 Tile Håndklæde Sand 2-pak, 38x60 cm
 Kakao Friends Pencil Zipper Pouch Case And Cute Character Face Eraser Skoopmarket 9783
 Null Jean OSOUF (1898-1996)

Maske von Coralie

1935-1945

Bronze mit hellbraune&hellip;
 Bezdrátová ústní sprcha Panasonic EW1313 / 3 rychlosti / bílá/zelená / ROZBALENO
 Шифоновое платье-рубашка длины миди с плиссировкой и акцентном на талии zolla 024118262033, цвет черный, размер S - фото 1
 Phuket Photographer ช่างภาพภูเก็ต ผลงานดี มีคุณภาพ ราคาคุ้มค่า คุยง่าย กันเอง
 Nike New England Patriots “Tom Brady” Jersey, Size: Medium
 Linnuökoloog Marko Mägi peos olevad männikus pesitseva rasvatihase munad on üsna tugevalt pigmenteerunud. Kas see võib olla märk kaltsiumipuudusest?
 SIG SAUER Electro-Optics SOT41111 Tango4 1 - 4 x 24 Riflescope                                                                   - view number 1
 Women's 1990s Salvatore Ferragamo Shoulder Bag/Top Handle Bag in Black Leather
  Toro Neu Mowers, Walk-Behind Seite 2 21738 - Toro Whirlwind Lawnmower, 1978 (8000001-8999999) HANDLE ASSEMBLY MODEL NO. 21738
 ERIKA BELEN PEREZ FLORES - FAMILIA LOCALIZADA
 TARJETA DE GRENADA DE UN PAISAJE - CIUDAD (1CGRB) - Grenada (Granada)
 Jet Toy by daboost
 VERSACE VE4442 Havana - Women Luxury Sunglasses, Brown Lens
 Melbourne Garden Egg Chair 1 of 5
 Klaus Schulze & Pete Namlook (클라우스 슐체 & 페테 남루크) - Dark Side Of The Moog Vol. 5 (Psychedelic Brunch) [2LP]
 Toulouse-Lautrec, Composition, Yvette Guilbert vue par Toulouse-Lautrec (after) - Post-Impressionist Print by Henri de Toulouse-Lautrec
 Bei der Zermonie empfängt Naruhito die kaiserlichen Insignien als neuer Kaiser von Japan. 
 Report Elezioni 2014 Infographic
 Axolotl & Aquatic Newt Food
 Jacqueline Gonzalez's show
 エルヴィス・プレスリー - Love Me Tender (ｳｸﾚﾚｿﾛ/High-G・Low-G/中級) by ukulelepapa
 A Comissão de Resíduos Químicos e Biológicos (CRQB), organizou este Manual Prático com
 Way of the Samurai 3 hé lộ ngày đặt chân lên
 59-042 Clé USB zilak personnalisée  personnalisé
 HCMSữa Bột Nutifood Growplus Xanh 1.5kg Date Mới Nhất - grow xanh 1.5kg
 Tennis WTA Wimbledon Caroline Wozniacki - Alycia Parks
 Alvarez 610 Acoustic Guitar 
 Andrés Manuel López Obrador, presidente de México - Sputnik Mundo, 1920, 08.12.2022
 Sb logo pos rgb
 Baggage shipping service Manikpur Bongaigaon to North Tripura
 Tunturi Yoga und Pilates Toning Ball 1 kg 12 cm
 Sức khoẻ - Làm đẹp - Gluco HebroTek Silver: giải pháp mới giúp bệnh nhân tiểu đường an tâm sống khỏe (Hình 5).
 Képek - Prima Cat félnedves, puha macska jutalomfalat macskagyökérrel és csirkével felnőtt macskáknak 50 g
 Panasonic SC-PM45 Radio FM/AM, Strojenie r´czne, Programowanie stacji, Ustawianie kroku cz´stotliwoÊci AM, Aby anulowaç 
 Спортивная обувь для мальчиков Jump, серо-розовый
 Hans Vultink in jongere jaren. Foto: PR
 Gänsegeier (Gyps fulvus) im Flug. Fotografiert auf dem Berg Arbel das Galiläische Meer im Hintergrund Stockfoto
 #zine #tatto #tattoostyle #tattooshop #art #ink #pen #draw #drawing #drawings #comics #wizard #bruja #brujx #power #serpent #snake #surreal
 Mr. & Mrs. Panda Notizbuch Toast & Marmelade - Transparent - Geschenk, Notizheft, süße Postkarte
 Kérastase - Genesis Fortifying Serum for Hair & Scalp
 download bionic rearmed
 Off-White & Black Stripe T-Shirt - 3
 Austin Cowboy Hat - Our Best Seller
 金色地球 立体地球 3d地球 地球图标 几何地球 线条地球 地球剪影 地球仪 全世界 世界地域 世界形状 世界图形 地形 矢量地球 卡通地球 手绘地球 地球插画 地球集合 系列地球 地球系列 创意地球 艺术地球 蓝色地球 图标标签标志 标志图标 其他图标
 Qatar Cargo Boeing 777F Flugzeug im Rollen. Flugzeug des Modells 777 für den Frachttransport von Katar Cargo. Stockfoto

:::::

**Task description**
Reproduce only the lines above, starting at the line with "Toro Neu Mowers, Walk-Behind" and ending at the line with "Toulouse-Lautrec, Composition, Yvette", exactly as written.

**The answer**
  Toro Neu Mowers, Walk-Behind Seite 2 21738 - Toro Whirlwind Lawnmower, 1978 (8000001-8999999) HANDLE ASSEMBLY MODEL NO. 21738
 ERIKA BELEN PEREZ FLORES - FAMILIA LOCALIZADA
 TARJETA DE GRENADA DE UN PAISAJE - CIUDAD (1CGRB) - Grenada (Granada)
 Jet Toy by daboost
 VERSACE VE4442 Havana - Women Luxury Sunglasses, Brown Lens
 Melbourne Garden Egg Chair 1 of 5
 Klaus Schulze & Pete Namlook (클라우스 슐체 & 페테 남루크) - Dark Side Of The Moog Vol. 5 (Psychedelic Brunch) [2LP]
 Toulouse-Lautrec, Composition, Yvette Guilbert vue par Toulouse-Lautrec (after) - Post-Impressionist Print by Henri de Toulouse-Lautrec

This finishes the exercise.